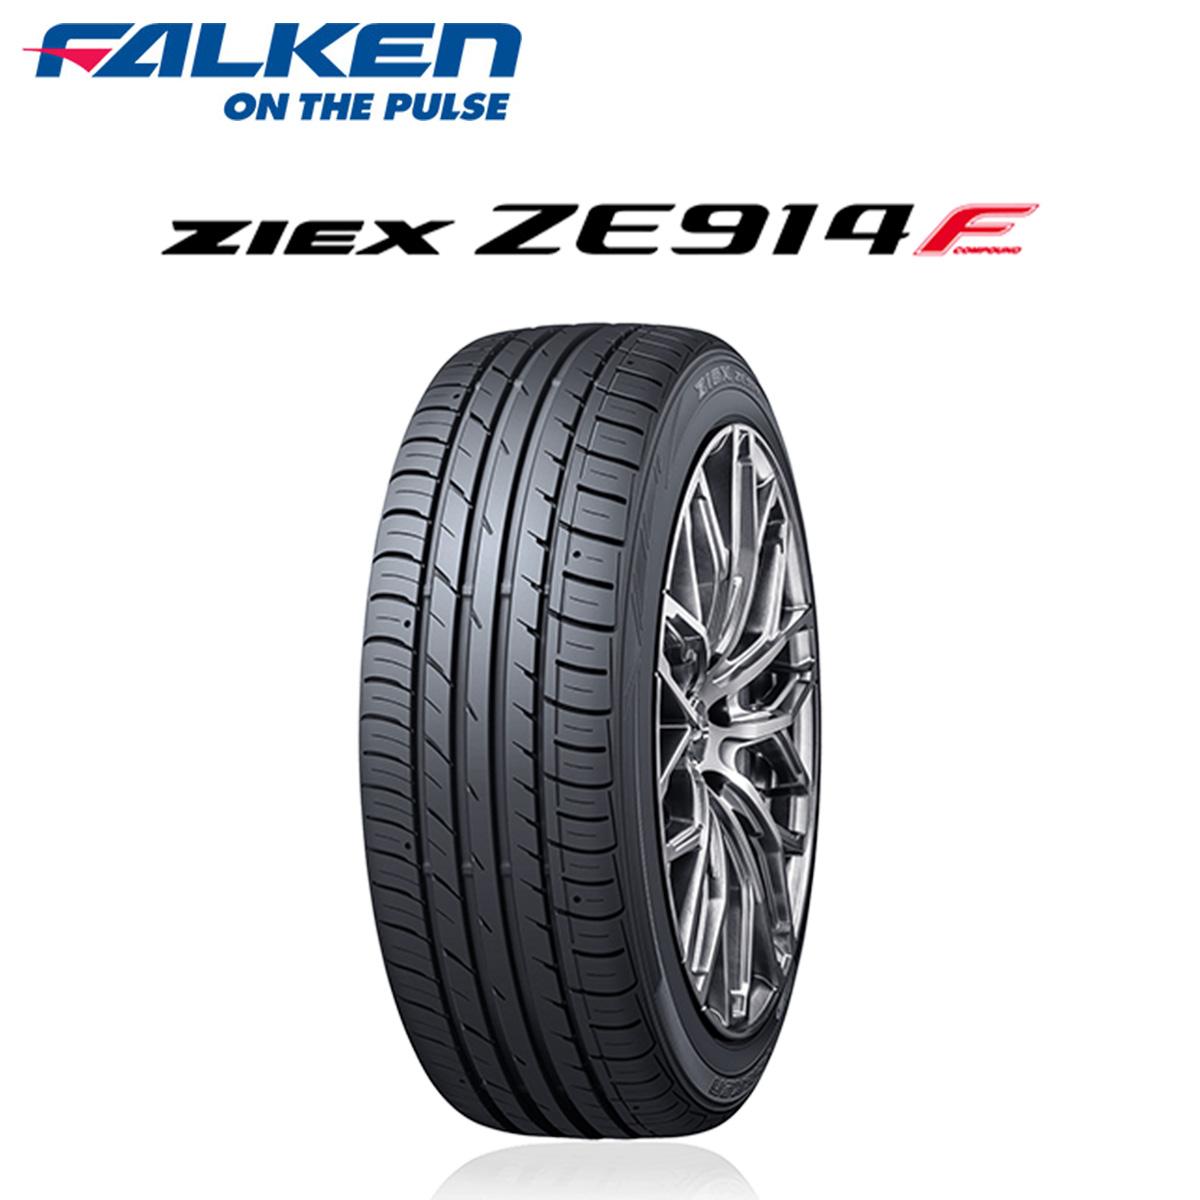 FALKEN ファルケン 低燃費 サマータイヤ 4本 セット 17インチ 205/45R17 ZIEX ZE914F ジークス
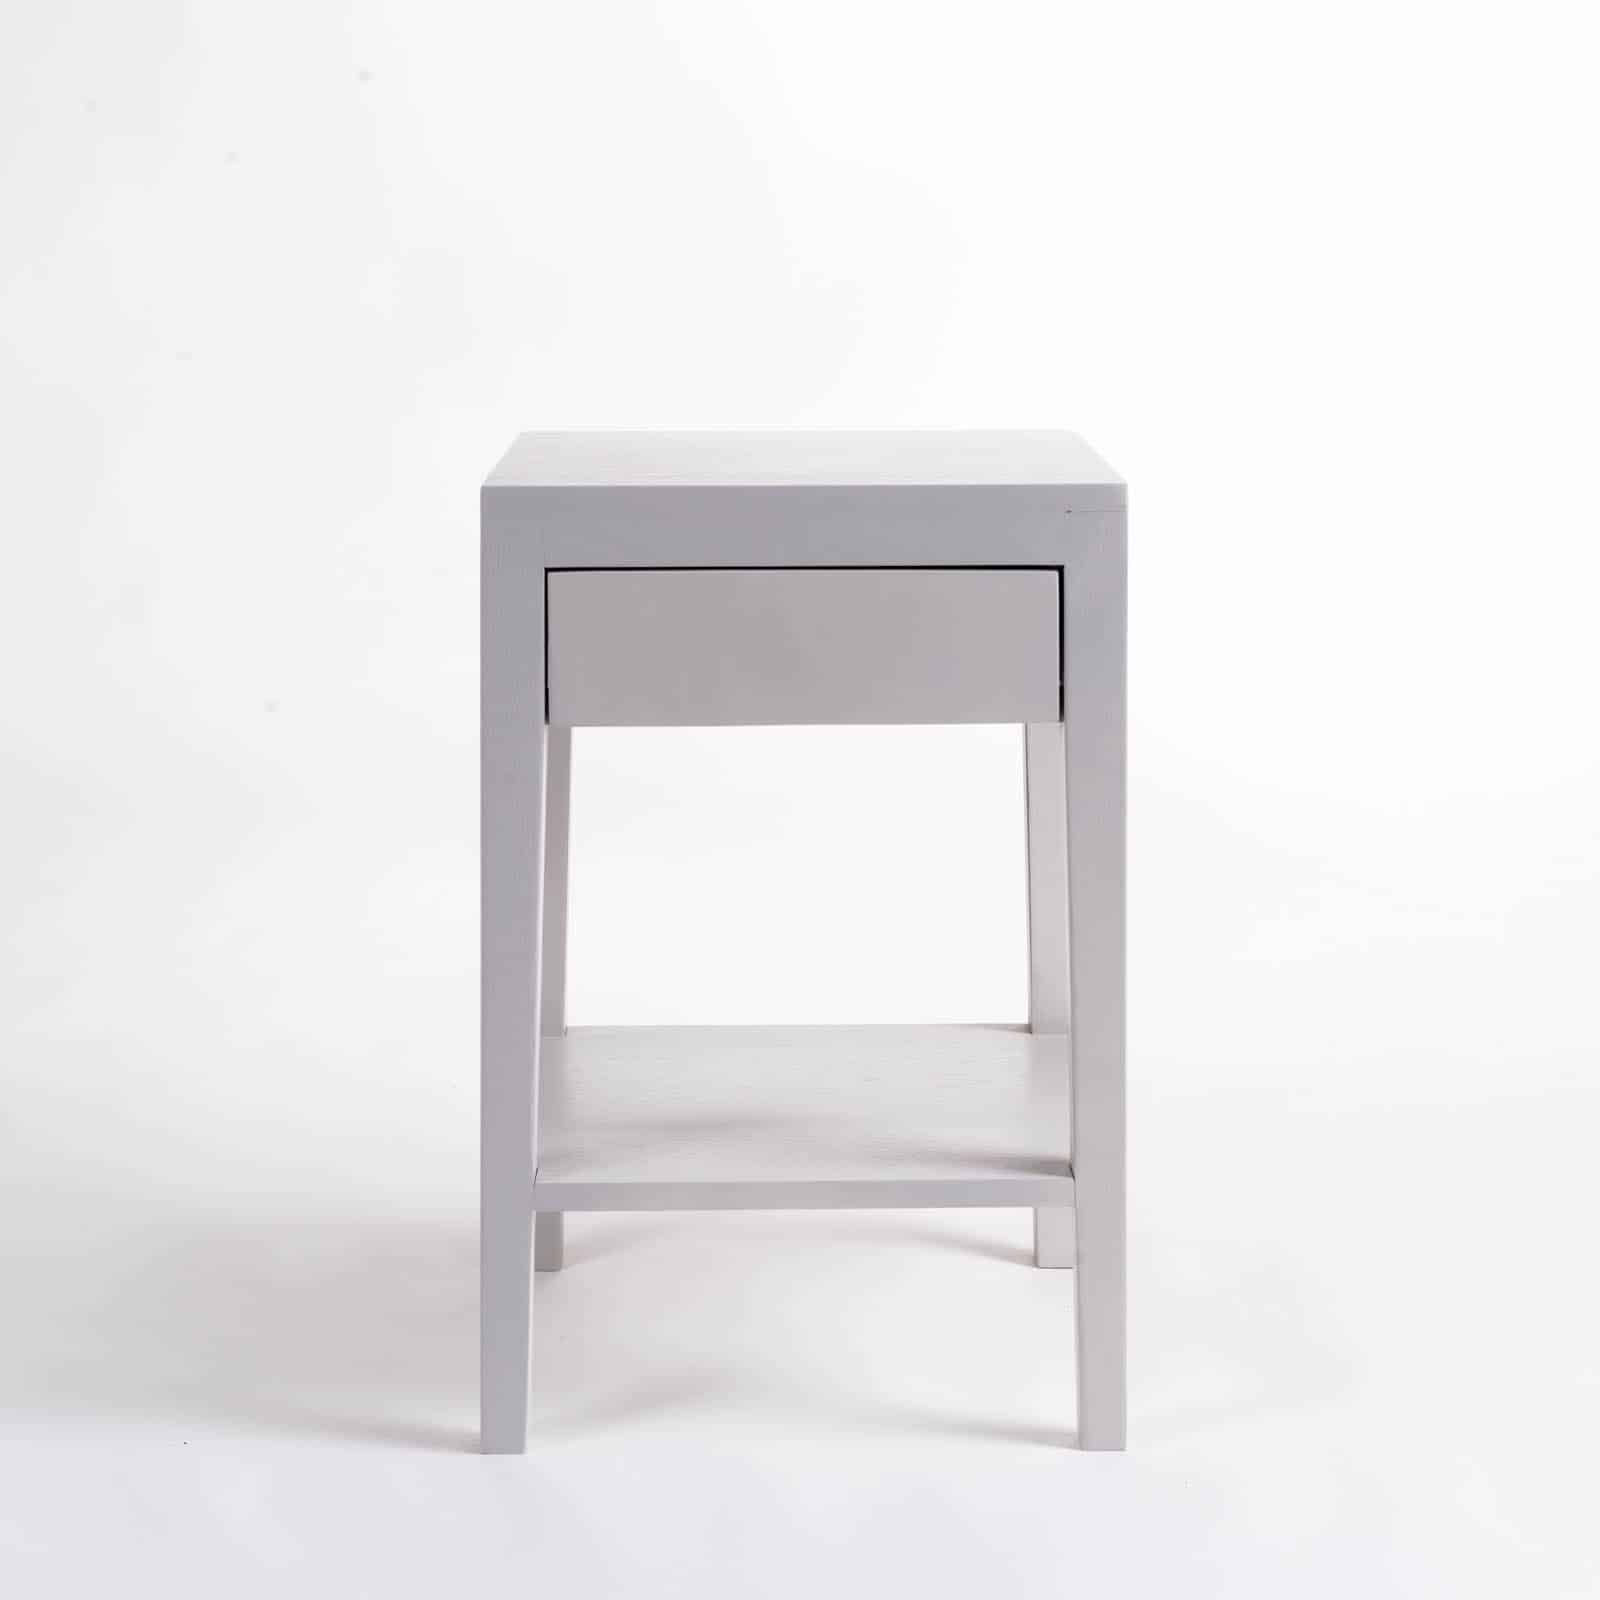 cheriton bedside 1 drawer grey di designs. Black Bedroom Furniture Sets. Home Design Ideas
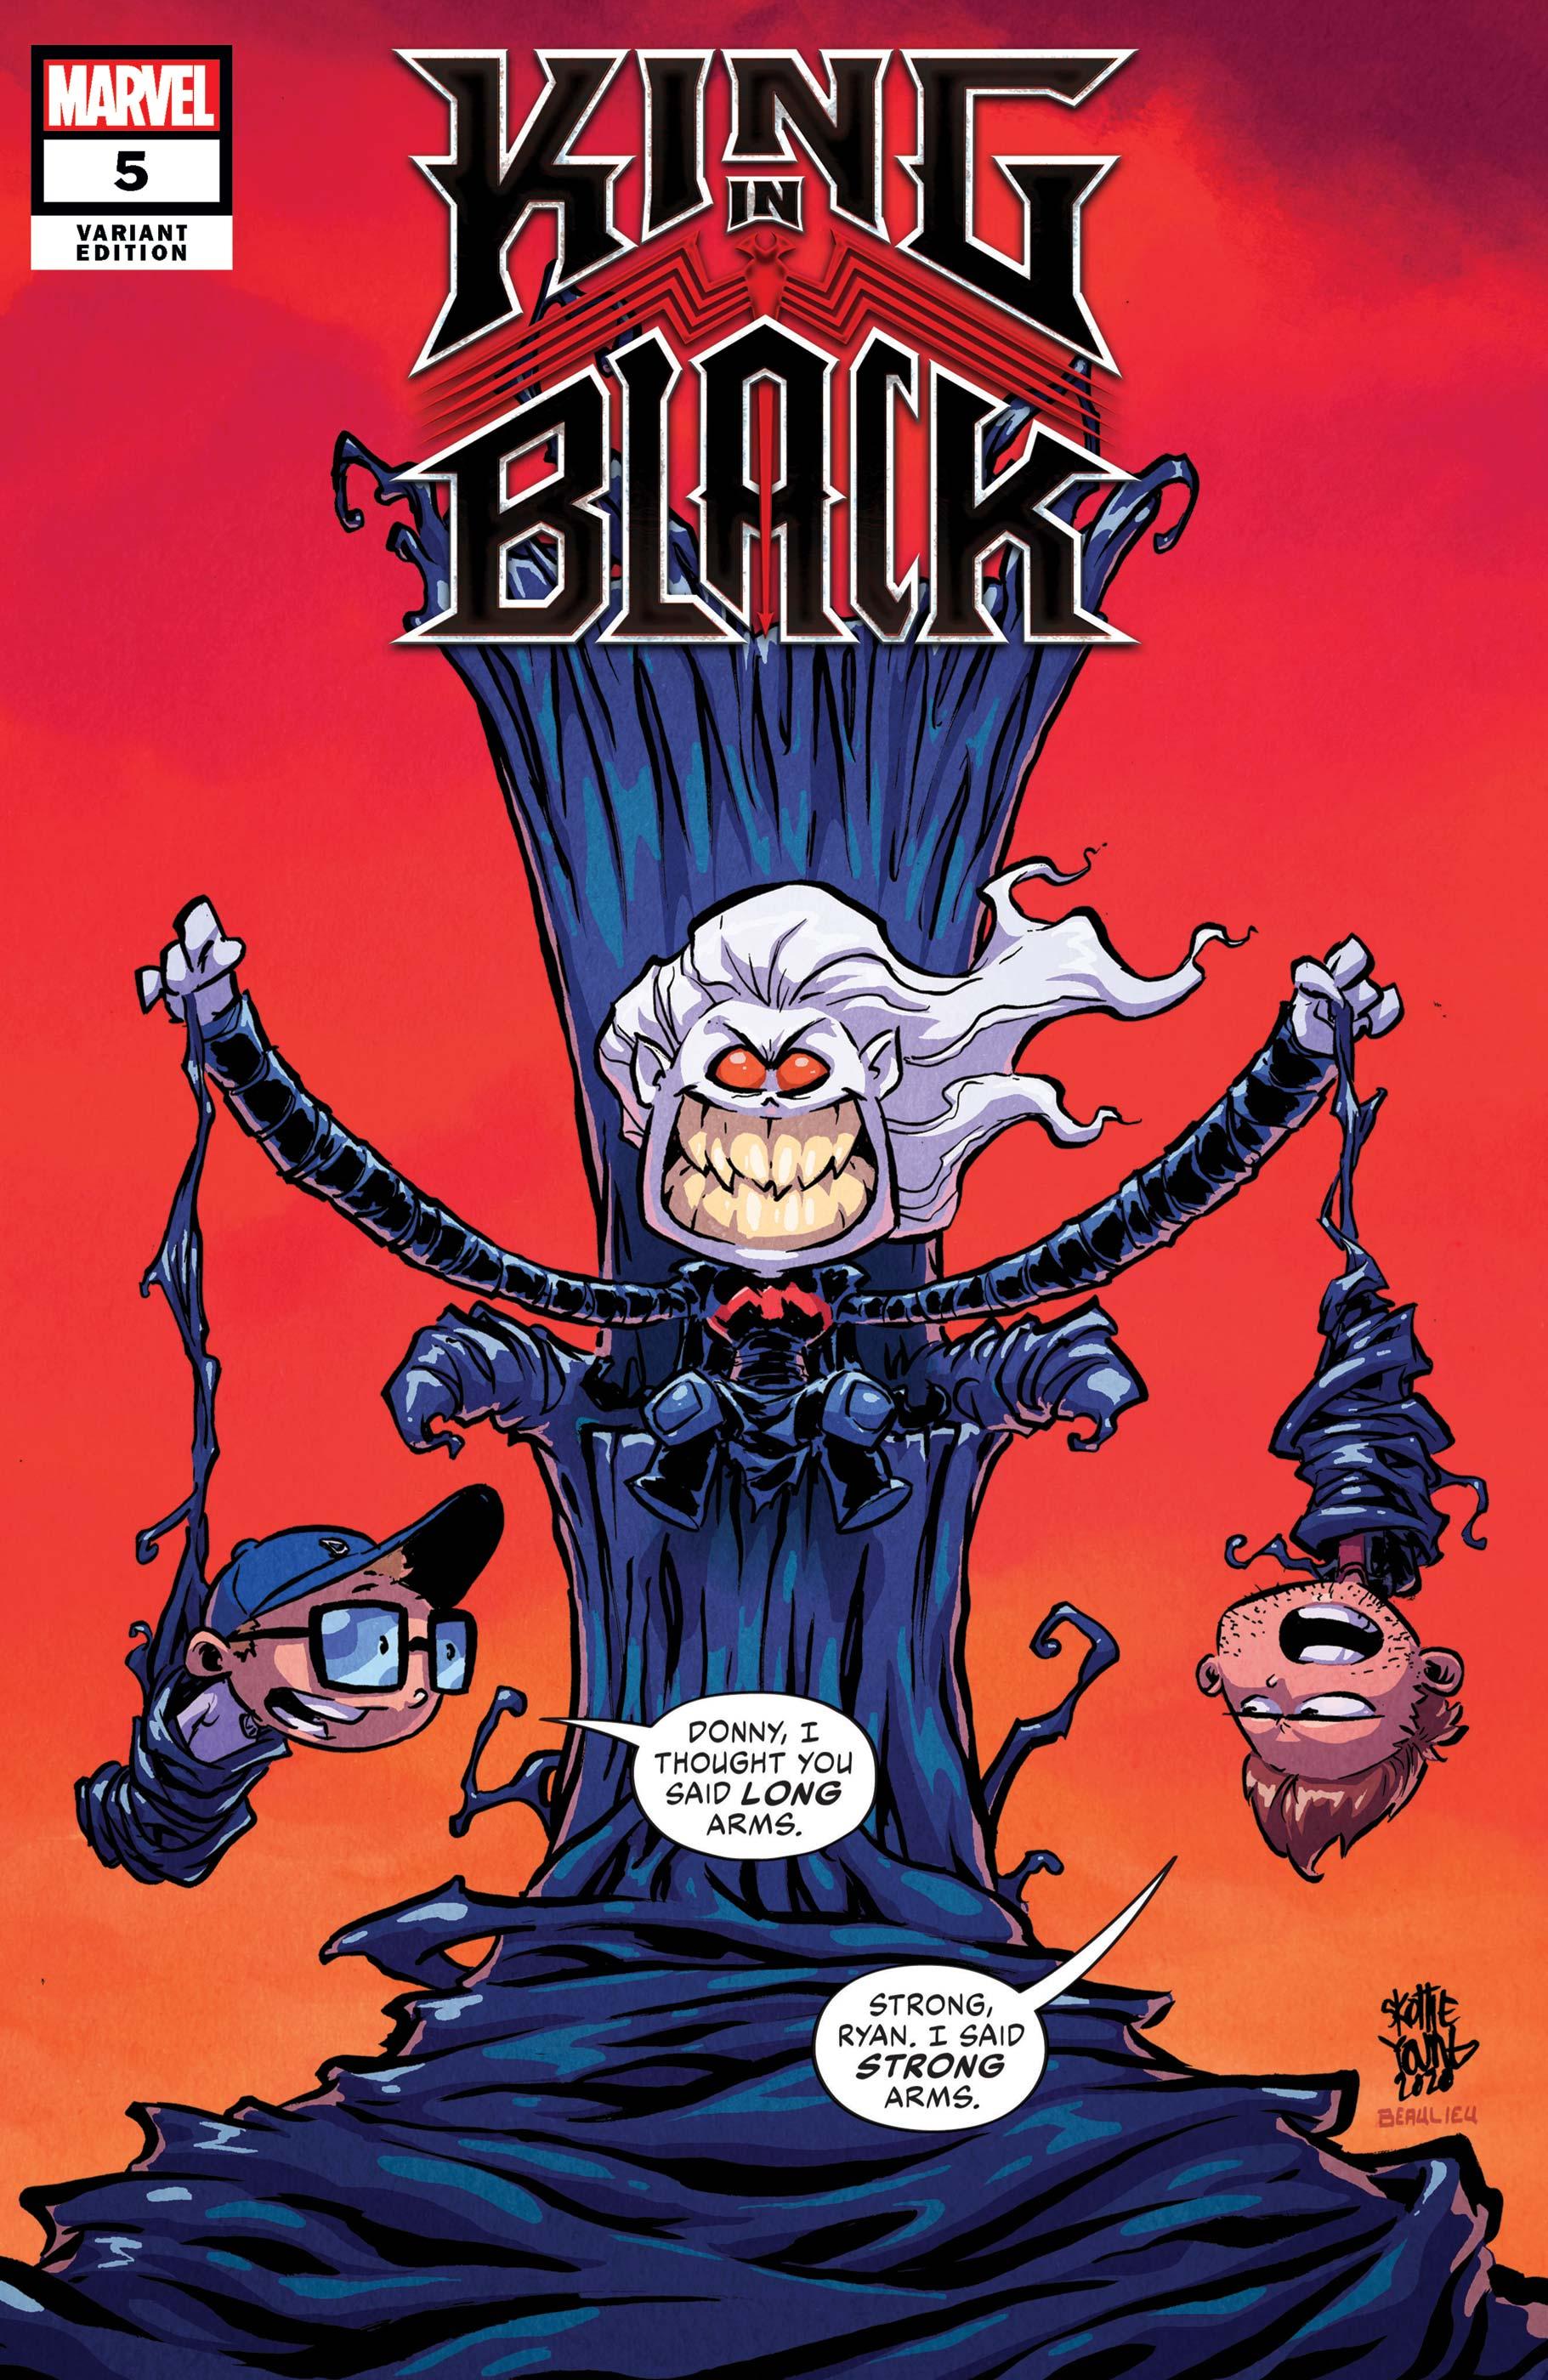 King in Black (2020) #5 (Variant)

==========

*What is being asked*.
Skip the pictures, then retype every line above exactly.

*Finished exercise*.
 FALKEN ファルケン 低燃費 サマータイヤ 4本 セット 17インチ 205/45R17 ZIEX ZE914F ジークス
 cheriton bedside 1 drawer grey di designs. Black Bedroom Furniture Sets. Home Design Ideas
 King in Black (2020) #5 (Variant)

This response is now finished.